Baicalein Suppresses Stem Cell-Like Characteristics in Radio- and Chemoresistant MDA-MB-231 Human Breast Cancer Cells through Up-Regulation of IFIT2

So Yae Koh  1 Jeong Yong Moon  2 Tatsuya Unno  3   4 Somi Kim Cho  5   6   7
Affiliations

Baicalein Suppresses Stem Cell-Like Characteristics in Radio- and Chemoresistant MDA-MB-231 Human Breast Cancer Cells through Up-Regulation of IFIT2

So Yae Koh et al. Nutrients. .

Abstract

Resistance to both chemotherapy and radiation therapy is frequent in triple-negative breast cancer (TNBC) patients. We established treatment-resistant TNBC MDA-MB-231/IR cells by irradiating the parental MDA-MB-231 cells 25 times with 2 Gy irradiation and investigated the molecular mechanisms of acquired resistance. The resistant MDA-MB-231/IR cells were enhanced in migration, invasion, and stem cell-like characteristics. Pathway analysis by the Database for Annotation, Visualization and Integrated Discovery revealed that the NF-κB pathway, TNF signaling pathway, and Toll-like receptor pathway were enriched in MDA-MB-231/IR cells.

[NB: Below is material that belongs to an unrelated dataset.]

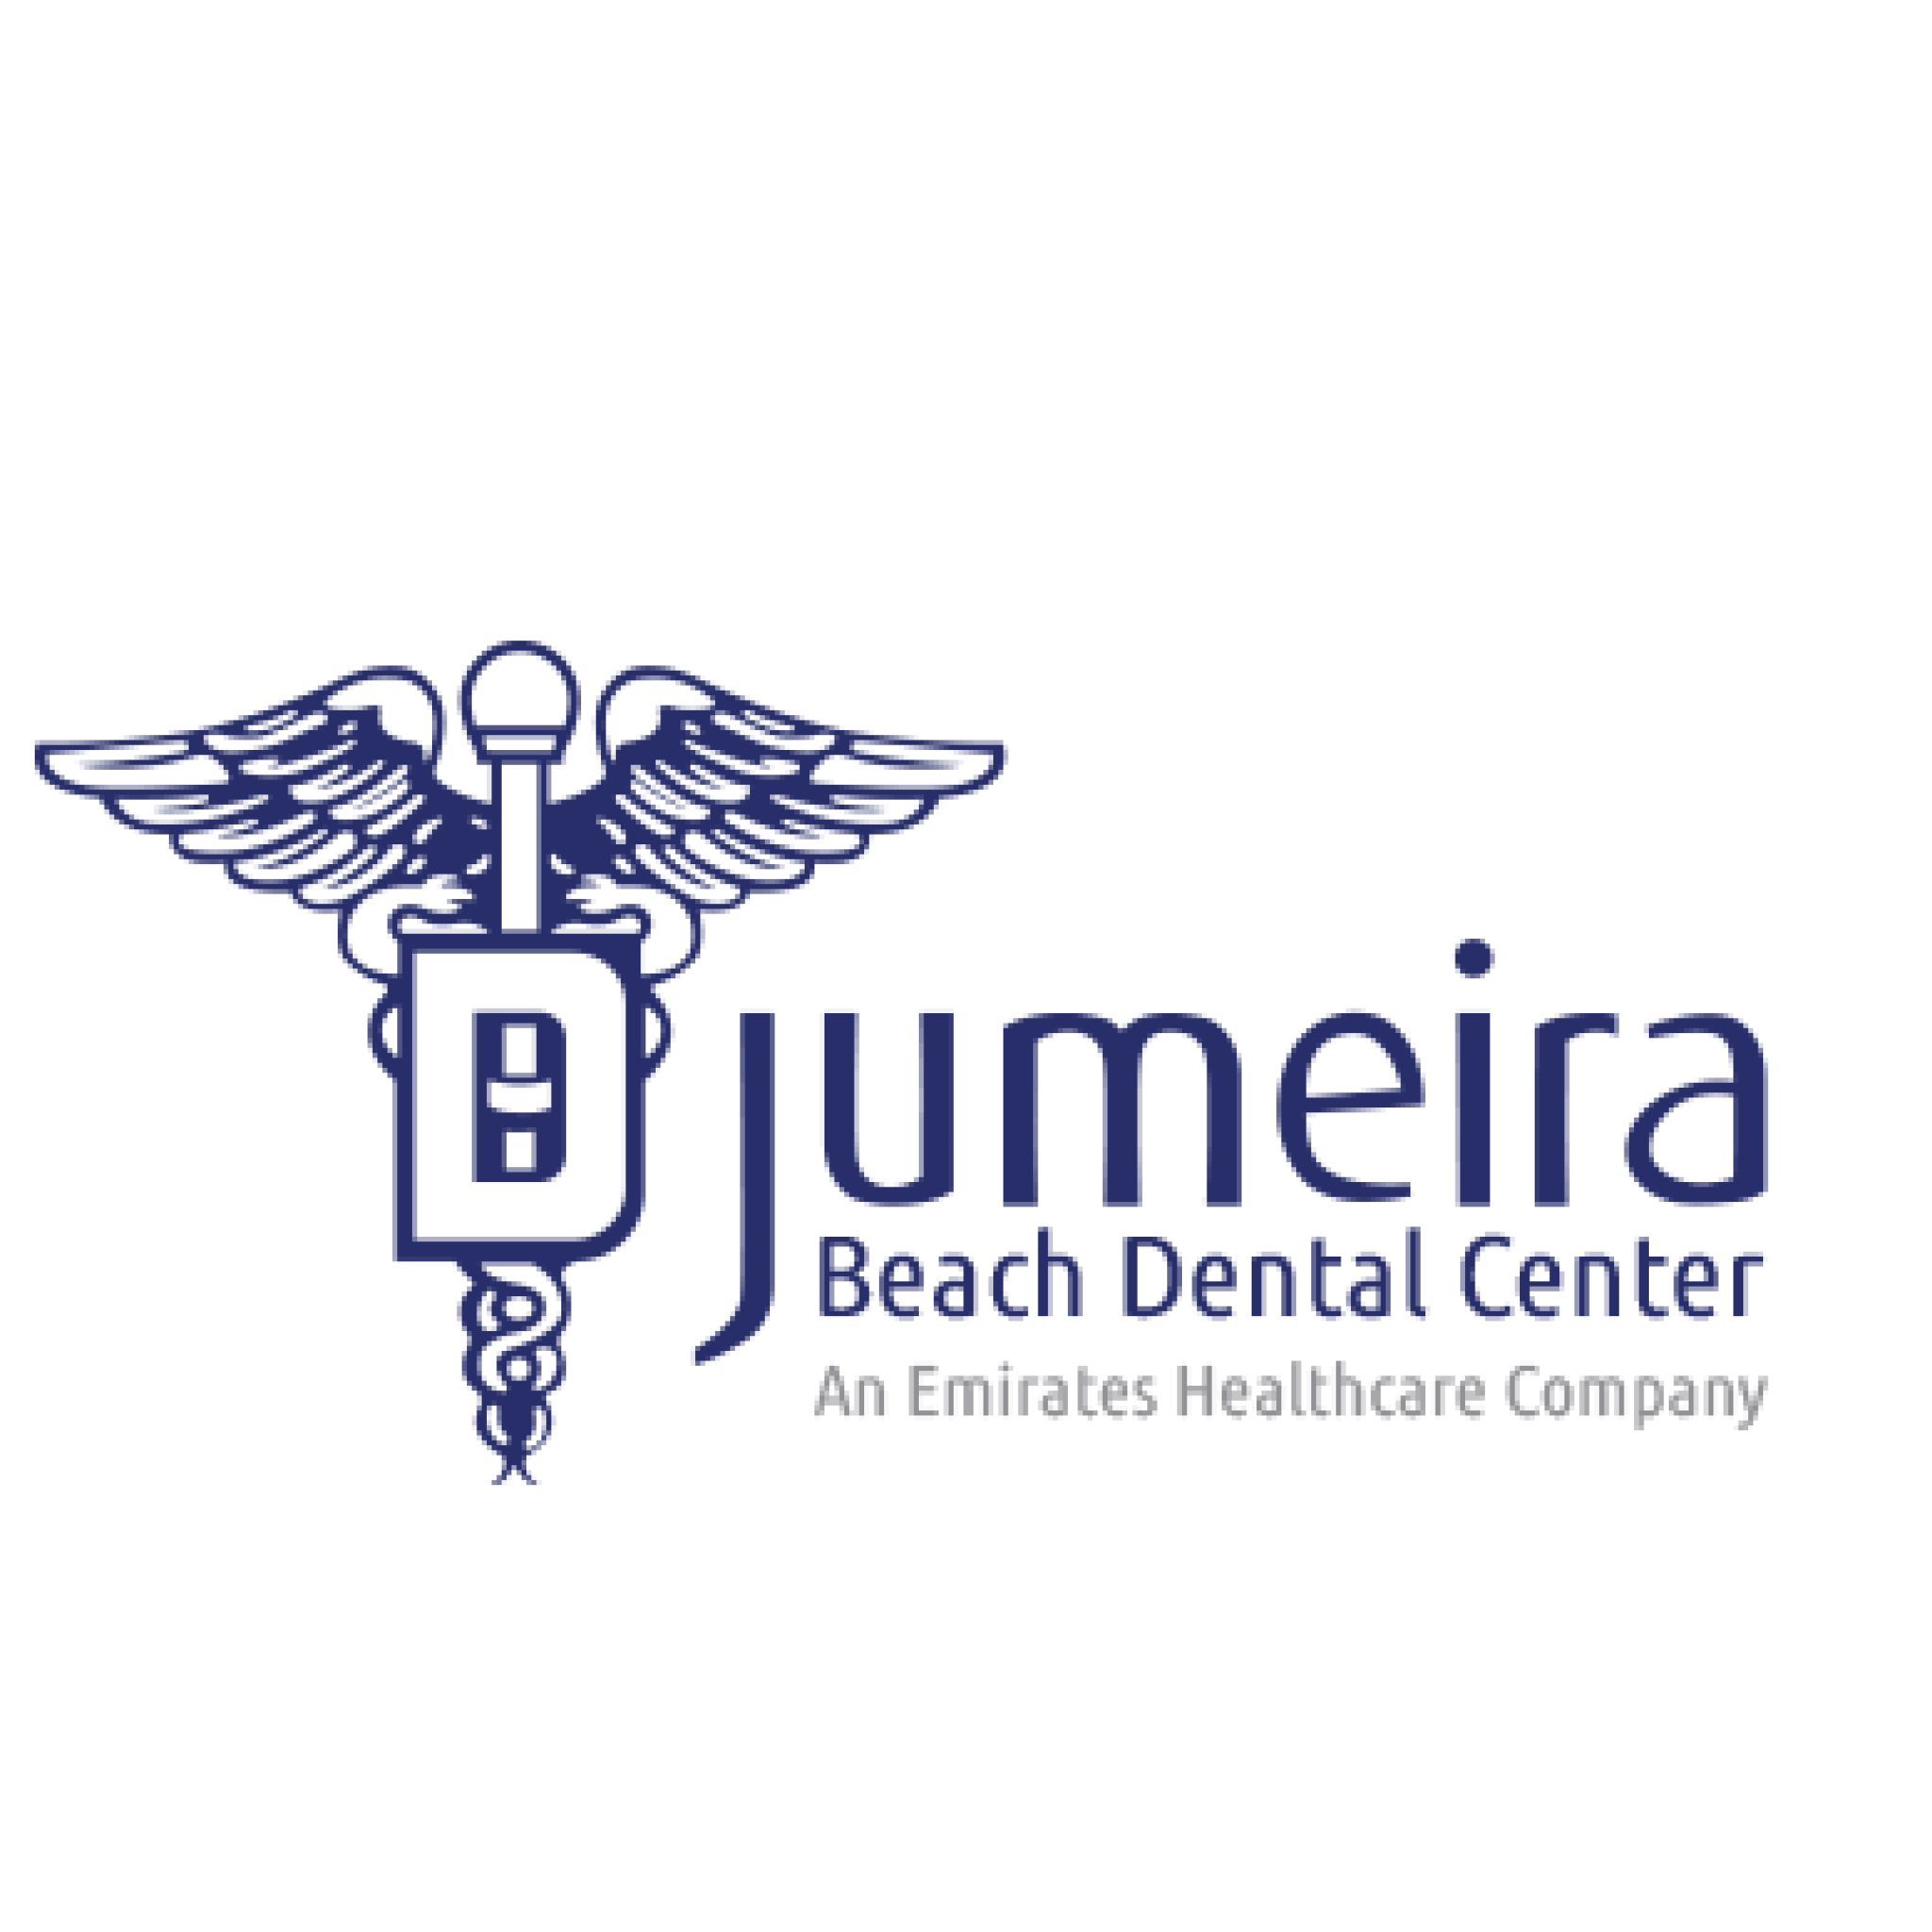 Jumeira Beach Dental Center

Among 77 differentially expressed genes revealed by transcriptome analysis, 12 genes involved in drug and radiation resistance, including interferon-induced protein with tetratricopeptide repeats 2 (IFIT2), were identified. We found that baicalein effectively reversed the expression of IFIT2, which is reported to be associated with metastasis, recurrence, and poor prognosis in TNBC patients. Baicalein sensitized radio- and chemoresistant cells and induced apoptosis, while suppressing stem cell-like characteristics, such as mammosphere formation, side population, expression of Oct3/4 and ABCG2, and CD44highCD24low population in MDA-MB-231/IR cells. These findings improve our understanding of the genes implicated in radio- and chemoresistance in breast cancer, and indicate that baicalein can serve as a sensitizer that overcomes treatment resistance.

Keywords: IFIT2; baicalein; cancer stem cell; chemoresistance; radioresistance; triple-negative breast cancer.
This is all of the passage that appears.